My efforts for a German-English understanding were no less
strong, indeed I wanted friendship between Germany and England.
I have never opposed British interests. Unfortunately, I had
regularly to deal with English assaults on Germany's interests,
even in areas that were of no significance at all to England.
A goal of my life has been to bring the two nations together,
both from reason and sympathy. The German people supported me
in these endeavors. My efforts failed only because of a distressing
enmity on the part of some British statesmen and journalists
who did not conceal their aim, which we cannot understand, to
wage war against Germany once again at the first opportunity.
The less factual foundations these men had, the more they
sought to conceal themselves with empty phrases and claims. I
still believe even today that true peace in Europe and the world
can result only when Germany and England are in agreement. This
conviction has often led me in the past to attempt to reach an
understanding. If it does not happen, it is really not my fault.

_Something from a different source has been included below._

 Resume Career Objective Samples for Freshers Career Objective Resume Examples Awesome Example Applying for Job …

Anyone who doubts the Führer's assurances despite his
repeated statements should be persuaded by his astonishing acceptance
of the well-known naval accord with England. Germany declared
in this naval accord that it was willing to restrict its fleet
to a size one third that of the English navy. Even Germany's
greatest enemy could hardly fail to see the willingness to restrict
our fleet to 35% of England's as the Führer's desire to
avoid an armed conflict with England. As the Führer said,
Germany was certainly able to build more warships, but wanted
to prove to the English people that there were no hostile intentions
on Germany's side.
England has no alternative but to admit that its present advantage
in surface ships was gained by shameless deception. By the way,
the past weeks have shown how exaggerated England's claims of
"ruling the seas" are. Our courageous submarines and
flyers within the first weeks of the war sunk the largest British
ships, the aircraft carriers "Courageous" and "Ark
Royal," as well as the battleship "Royal Oak,"
and will see to it in the future that England's fleet will cower
like rats in their holes.
We are used to such things on England's part. Certain English
statesmen, above all the untiring warmonger Churchill, etc.,
have opposed any efforts at improving German-English relations.

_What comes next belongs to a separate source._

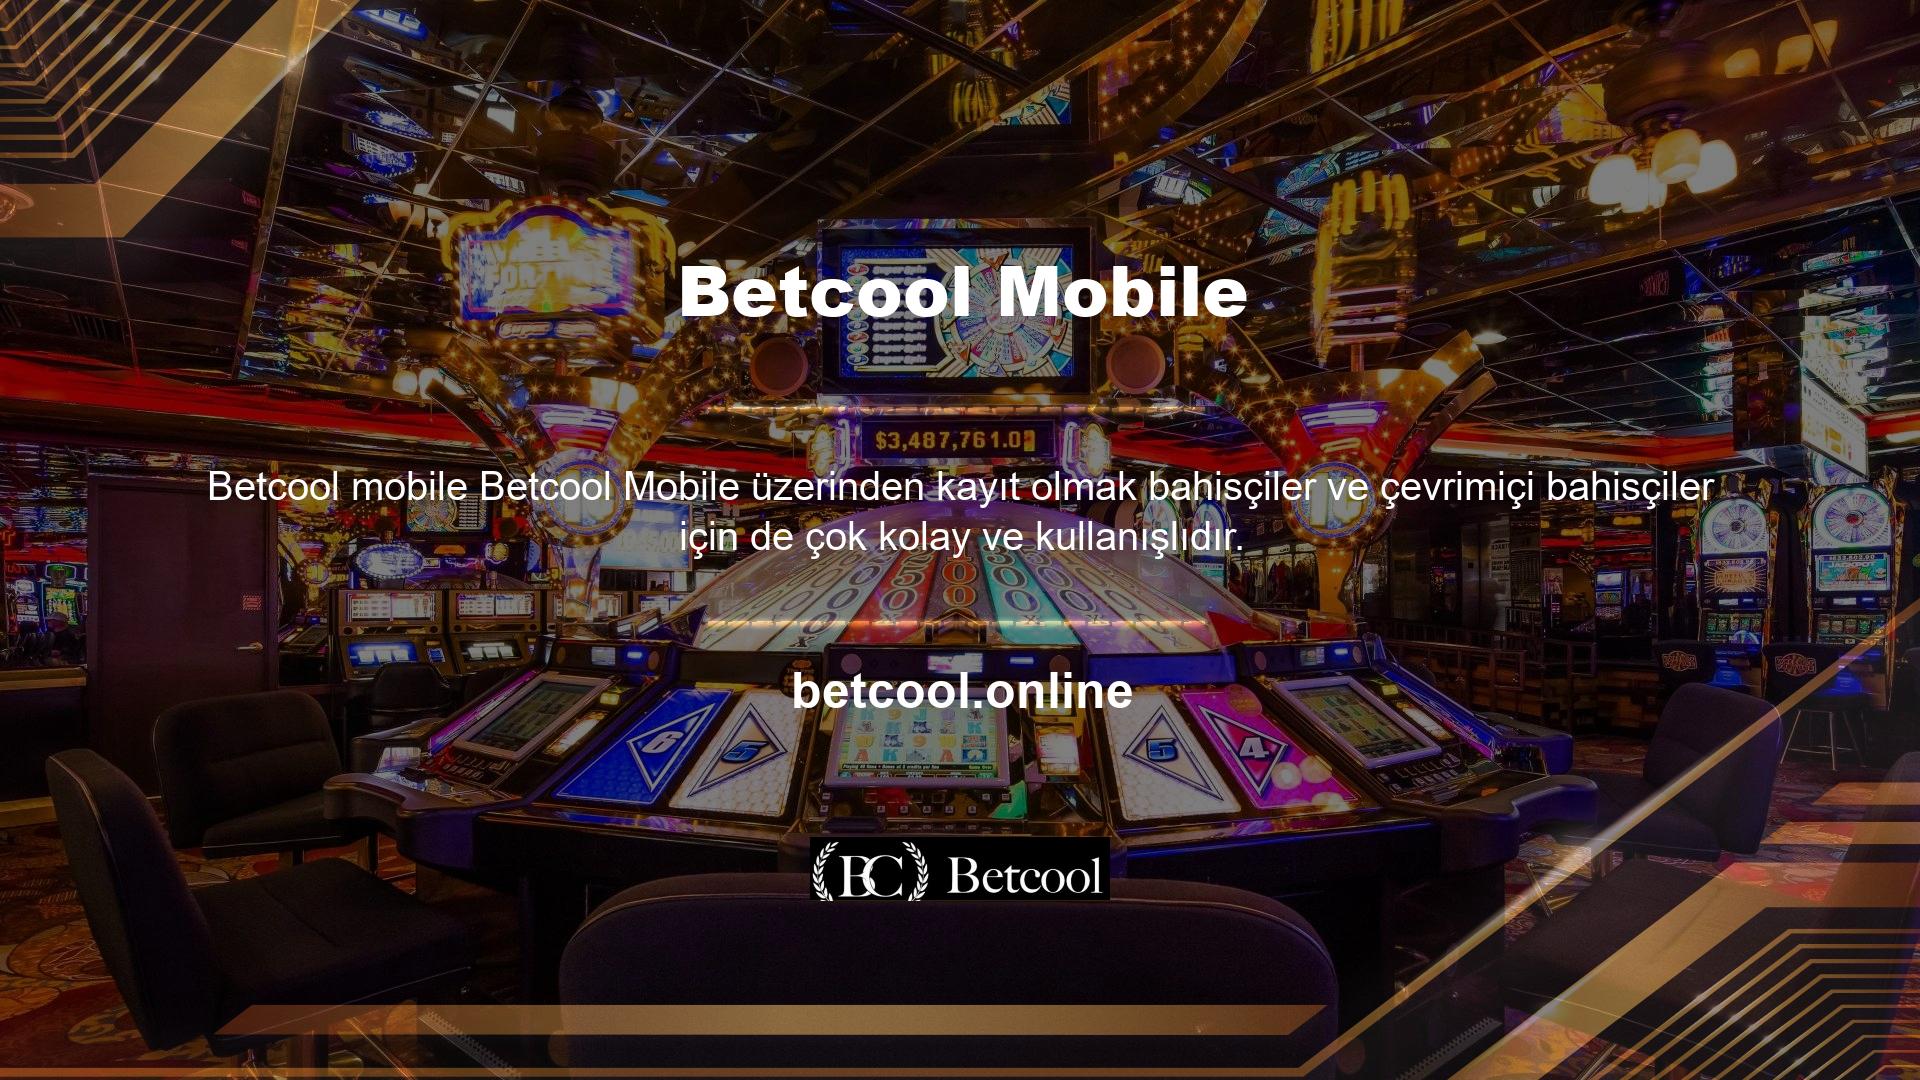 Yüksek kaliteli Betcool mobil bağlantıları ve Betcool Mobil uyumlu web siteleri, web sitesi kullanıcılarına nerede olurlarsa olsunlar web sitenizde daha iyi hizmet verilmesini sağlar

They have dragged the Führer's words through the mud, and
twisted and distorted them. Now they are carrying on an unprecedented
campaign of lies against Germany.
They began a war against the German people for no good reason,
and now are trying to blame Germany for it. Supposedly it was
"sympathy" for a threatened Poland that led them to
give free reign to the promotion of a new war. It was supposedly
this "sympathy" that led them to offer Poland their
generous support and to leave it to this state to start the war
when it chose. Without success, they have tried to persuade the
world of the opposite through a flood of lies. The facts are
too clear, and cannot be contradicted even by the biggest lies
of English warmongers.
The Führer's Efforts to Solve the Problems in the
East
The following factual material proves how Germany and the
Führer did everything up to the last possible moment to
resolve the Polish question peacefully. and how Polish insanity
on the one hand and the British warmongers on the other hand
hindered any peaceful solution.
1. Consider the proposal to the Reichstag on 28 April to resolve
the pressing questions on our Eastern border through a 25-year
nonaggression pact.
The answer:
Poland rejected friendly relations with the Reich. England
replied to Germany's peace efforts by supporting and whipping
up Polish expansionism and desire for conquest.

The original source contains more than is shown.